Registered: Oct 2003
Distribution: fedora cor 5 x86_64
Posts: 639

Rep: Reputation: 30
multimap with > 1 million entries = problems?


I am planning on writing an application that will have to update 'records' hundreds of times a second, that need to be accessed by a key. Any sort of DB will be too slow, I was thinking that an in memory std::multimap will work (written to a file every X time period in case of crashes).

They key to this will be a set of hex numbers (similar to a MAC address), the value will be an object that contains 2 timestamps(int), a char* and a state(one of 3 values).

-Are there any known issues when you get a std::multimap up into the millions of items?
-Does anyone else have any other suggestion on how to manage this amount of data?

Thanks.
 
Old 09-03-2008, 10:29 PM   #2
jschiwal
LQ Guru
 
Registered: Aug 2001
Location: Fargo, ND
Distribution: SuSE AMD64
Posts: 15,733

Rep: Reputation: 682Reputation: 682Reputation: 682Reputation: 682Reputation: 682Reputation: 682
IIRC, in the FLOSS (#35) interview with Brian Aker of Drizzle, he mentioned working on a memory caching server as well as drizzle. It is used in a server cluster environment.
 
Old 09-03-2008, 10:40 PM   #3
Quakeboy02
Senior Member
 
Registered: Nov 2006
Distribution: Debian Linux 11 (Bullseye)
Posts: 3,407

Rep: Reputation: 141Reputation: 141
Quote:
Originally Posted by true_atlantis View Post
I am planning on writing an application that will have to update 'records' hundreds of times a second, that need to be accessed by a key. Any sort of DB will be too slow, I was thinking that an in memory std::multimap will work (written to a file every X time period in case of crashes).

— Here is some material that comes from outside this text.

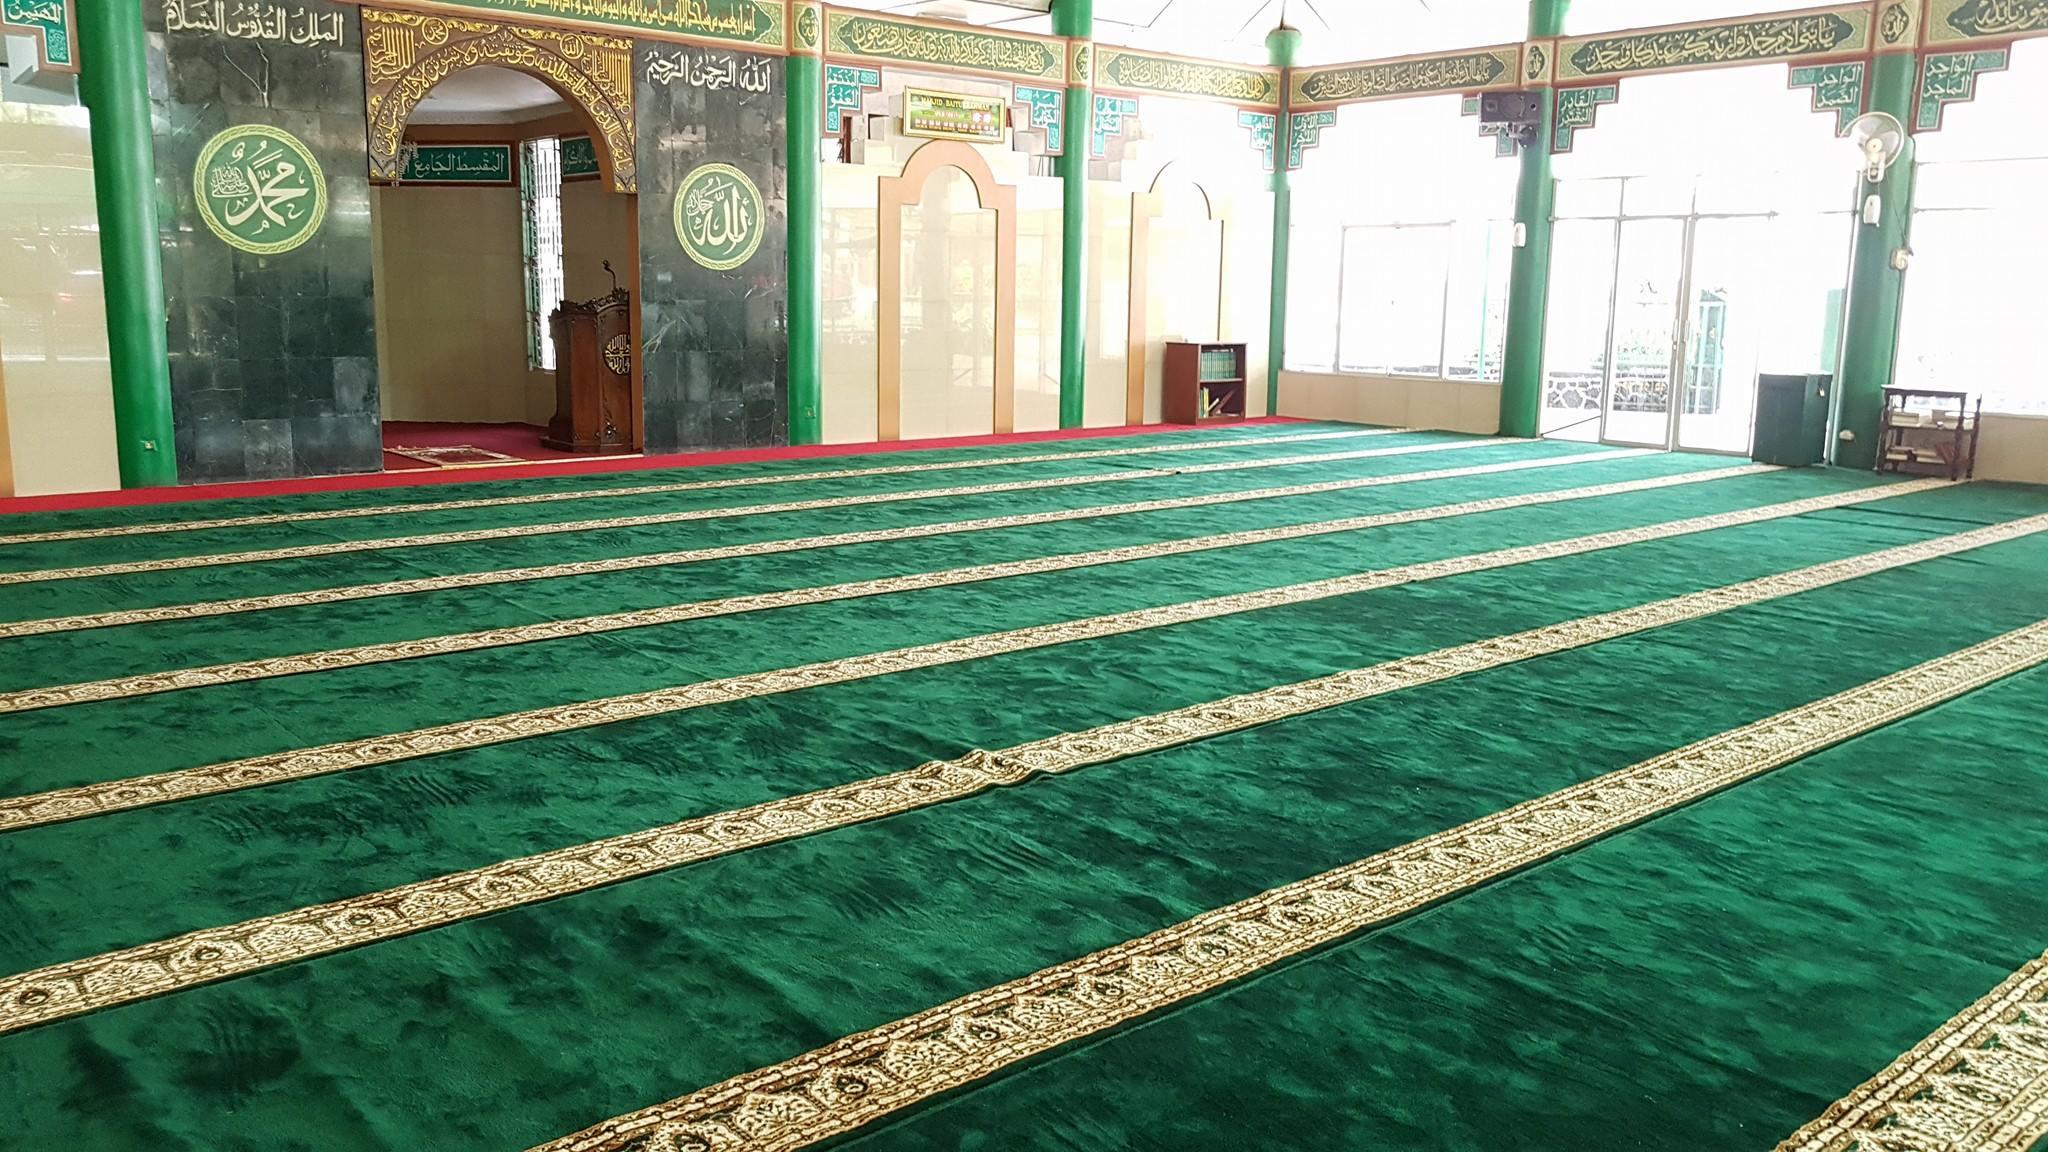 spesialis jual Karpet Masjid palembang

They key to this will be a set of hex numbers (similar to a MAC address), the value will be an object that contains 2 timestamps(int), a char* and a state(one of 3 values).

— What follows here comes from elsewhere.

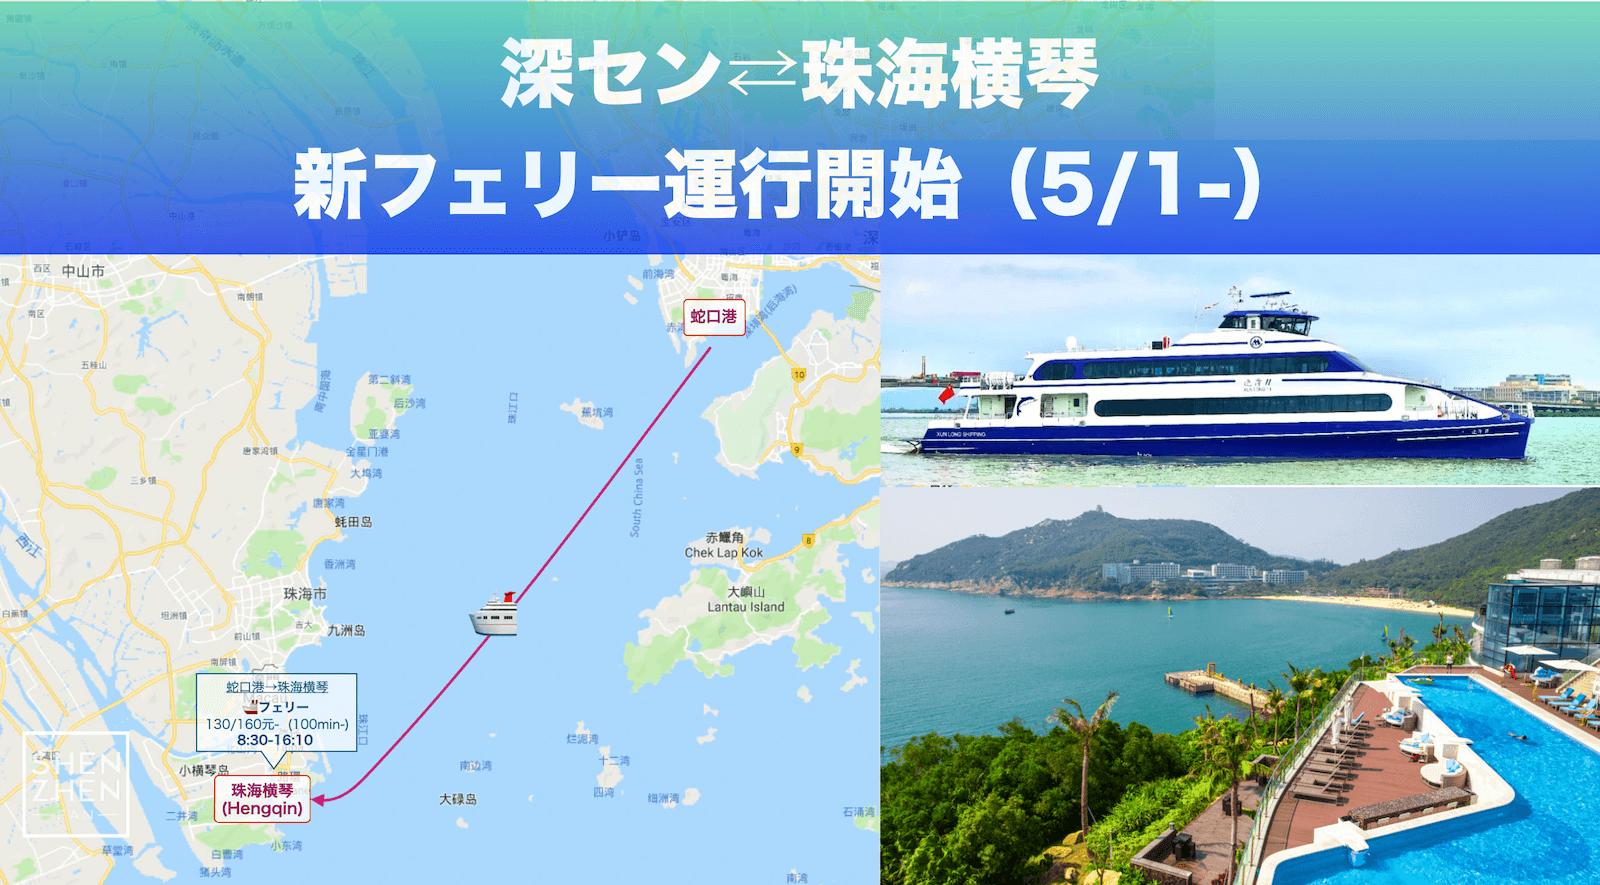 深センと珠海を結ぶフェリー新ルート「蛇口ー珠海横琴」5月1日より運航開始:2ヶ月限定で運賃50%OFFに!

-Are there any known issues when you get a std::multimap up into the millions of items?
-Does anyone else have any other suggestion on how to manage this amount of data?

Thanks.
It doesn't seem to be an inordinate amount of data for modern computers. Here are some thoughts:

The key issue is your access key. Is the key space fully populated? If so, consider an index instead of a key. If not, consider hashing on the first x number of digits in the key or some repeating characteristic of your key. Are you sure that a regular DBMS would be too slow? Are your updates really going to be randomly distributed? Would it be better to just use a file and let Linux's file and memory caching systems do all the dirty work while you just access on record numbers?
 
Old 09-03-2008, 11:02 PM   #4
jschiwal
LQ Guru
 
Registered: Aug 2001
Location: Fargo, ND
Distribution: SuSE AMD64
Posts: 15,733

Rep: Reputation: 682Reputation: 682Reputation: 682Reputation: 682Reputation: 682Reputation: 682
It is memcached that was mentioned in the FLOSS episode.
 
Old 09-04-2008, 09:56 AM   #5
true_atlantis
Member
 
Registered: Oct 2003
Distribution: fedora cor 5 x86_64
Posts: 639

Original Poster
Rep: Reputation: 30
Quote:
Originally Posted by Quakeboy02 View Post
It doesn't seem to be an inordinate amount of data for modern computers. Here are some thoughts:

The key issue is your access key. Is the key space fully populated? If so, consider an index instead of a key. If not, consider hashing on the first x number of digits in the key or some repeating characteristic of your key. Are you sure that a regular DBMS would be too slow? Are your updates really going to be randomly distributed? Would it be better to just use a file and let Linux's file and memory caching systems do all the dirty work while you just access on record numbers?
They key space is not fully populated, and will be distributed randomly.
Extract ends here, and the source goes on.